# MkII ABA Swap: Tach Not Working?



## QUIRKiT (Dec 19, 2006)

Ok, I've got a '91 Jetta with an ABA OBDII out of a 96 Jetta. The car runs great and everything works well, except for the tach.

I'm using the original MkII cluster and the tach just won't read. I think it was never hooked up...

I'm assuming the fix is just to splice off of the harness somewhere? Anyone know an easy fix?


----------



## Salsa GTI (Aug 29, 2000)

tie your tach wire ti the neg side of the aba coil its under the little flippy cap
that is all


----------



## QUIRKiT (Dec 19, 2006)

Salsa GTI said:


> tie your tach wire ti the neg side of the aba coil its under the little flippy cap
> that is all


Your explanation is so detailed and precise!  

But seriously, I understood it, so thank you for the help! :beer:


----------



## Salsa GTI (Aug 29, 2000)

LOL...i was waiting for the WHERE IS THIS FLIPPY CAP responce

But you knew what i was talking about


----------



## i4turbo (Oct 26, 2006)

seriously, were on the back of the cluster do I need to send the neg of the coil too??? i cant seem to find it 

89 jetta ce2 aba swap


----------



## Svedka (Jul 4, 2008)

T/28 from your gauge cluster/tachometer it is a solid green wire 

T28/10 Tachometer U1/06 Green Green Green 

Reference 

http://www.a2resource.com/electrical/CE2cluster.html 

or you can hook - from the coil to 

G1/12 Ignition Coil Pin 1 (all Mk2, most others '90 only), ECU tach signal (all 91+ except Mk2) Tachometer Red/Black (coil) or Green/Black (ECU) 

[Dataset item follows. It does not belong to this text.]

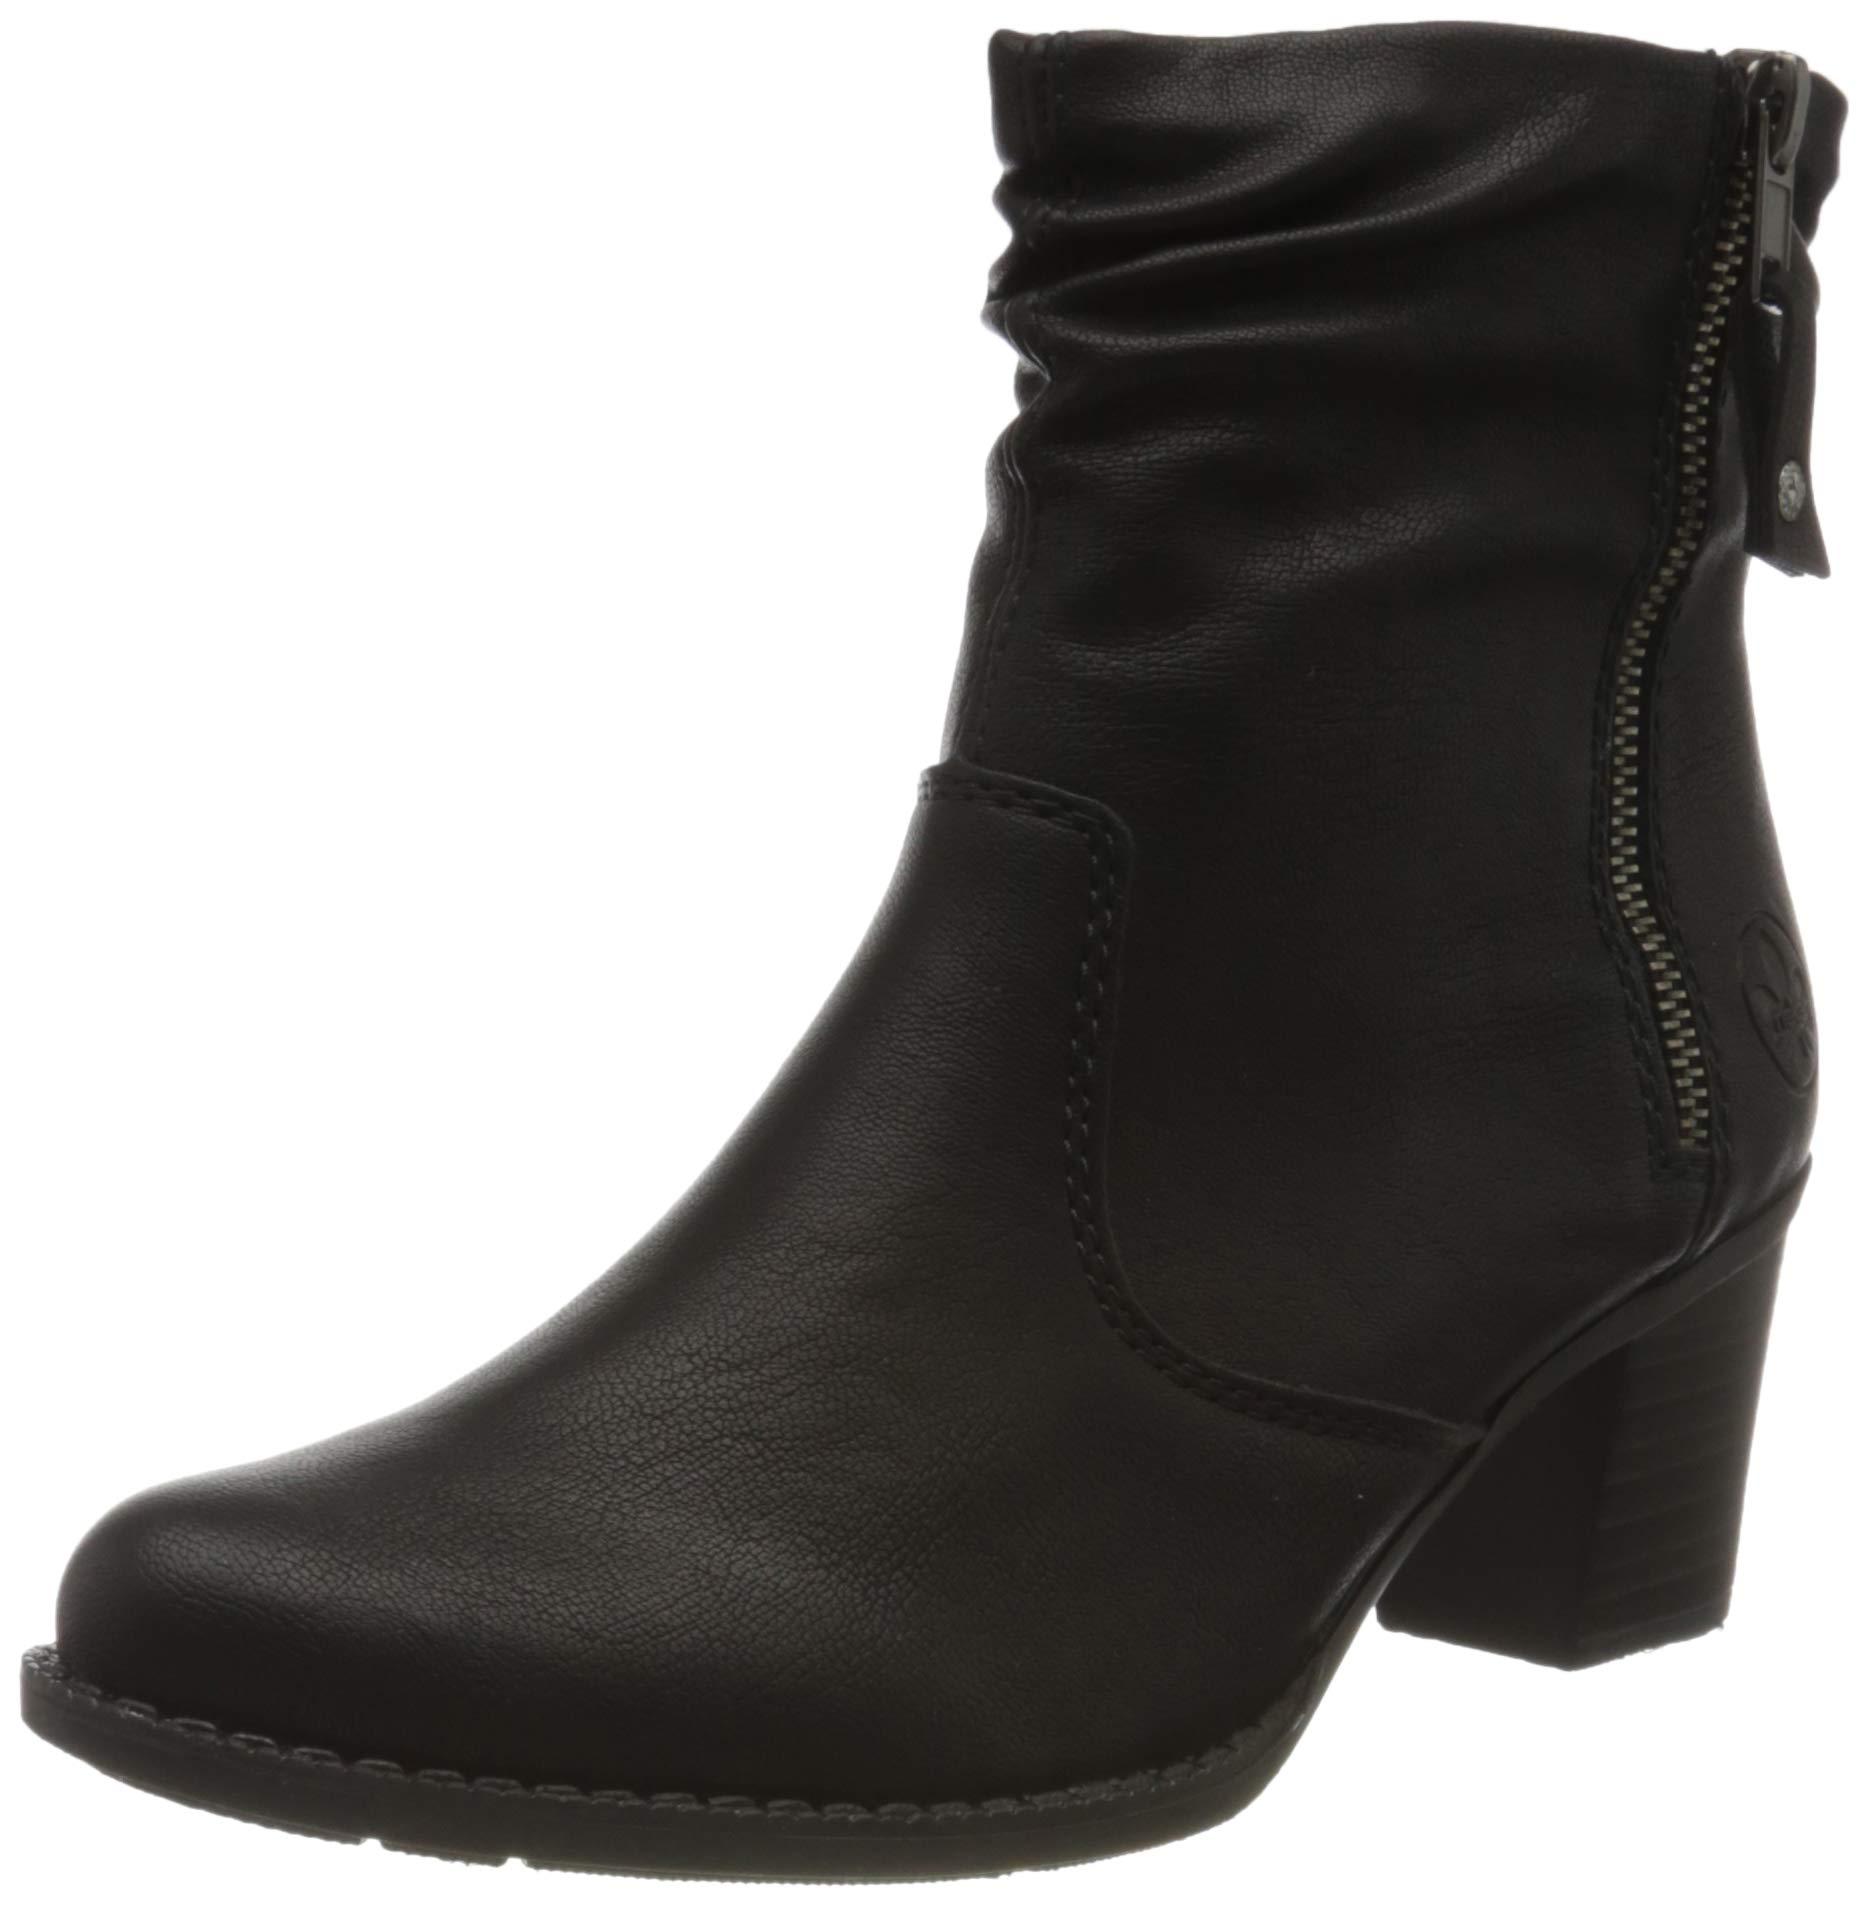 Rieker Women's Herbst/Winter Ankle Boots 22

http://www.a2resource.com/electrical/CE2.html


----------



## bayareafast (Apr 7, 2008)

i could be retarted but how does one go about connecting into the negative side of coil. i see the two leads under the lid there and i assume the one on the side where the ground is, is the negative post? theres no marking and no legit way to connect something onto there. would i tap into a wire coming off of coil or some how wrap a wire around the metal strip? thanks a ton!


----------



## Butcher (Jan 31, 2001)

Take all the wires off one of the posts and move them so they cannot touch the body of the car. Turn on the ignition, use a test light to see which wires have power [the ones attached to the coil or the ones that you just removed]. You could also check the wiring diagram and find it out that way too. Most German cars use a green wire on the triggered side and black on the power side.

Every coil I have ever touched always are labeled. Most are cast into the top of the coil. Circuit 15 is usually the power side, 1 is the trigger side [grounded side].


----------



## bayareafast (Apr 7, 2008)

tried both sides of coil and got nothing on the tach? is my tach wack? on the tach it has two wires for hot and two for ground. i have both grounds together and hot together, would this be an issue?


----------



## vweatsvtec (Dec 16, 2009)

Take the green wire straight from the back of the cluster and cut it before it goes into fuse box. Then run that wire through the firewall and to the coil. Put a female spade connector on it and put it on the neg side of coil. I’ll look when I get home which side it is. And the cluster will work. 


Sent from my iPhone using Tapatalk


----------



## bayareafast (Apr 7, 2008)

Thank you brother, but no sweat I got it figured finally.... One of the 12v leads didn't have sufficient contact. Ugh lol


----------



## vweatsvtec (Dec 16, 2009)

Ahh well hope it wasn’t to hard to figure out 


Sent from my iPhone using Tapatalk


----------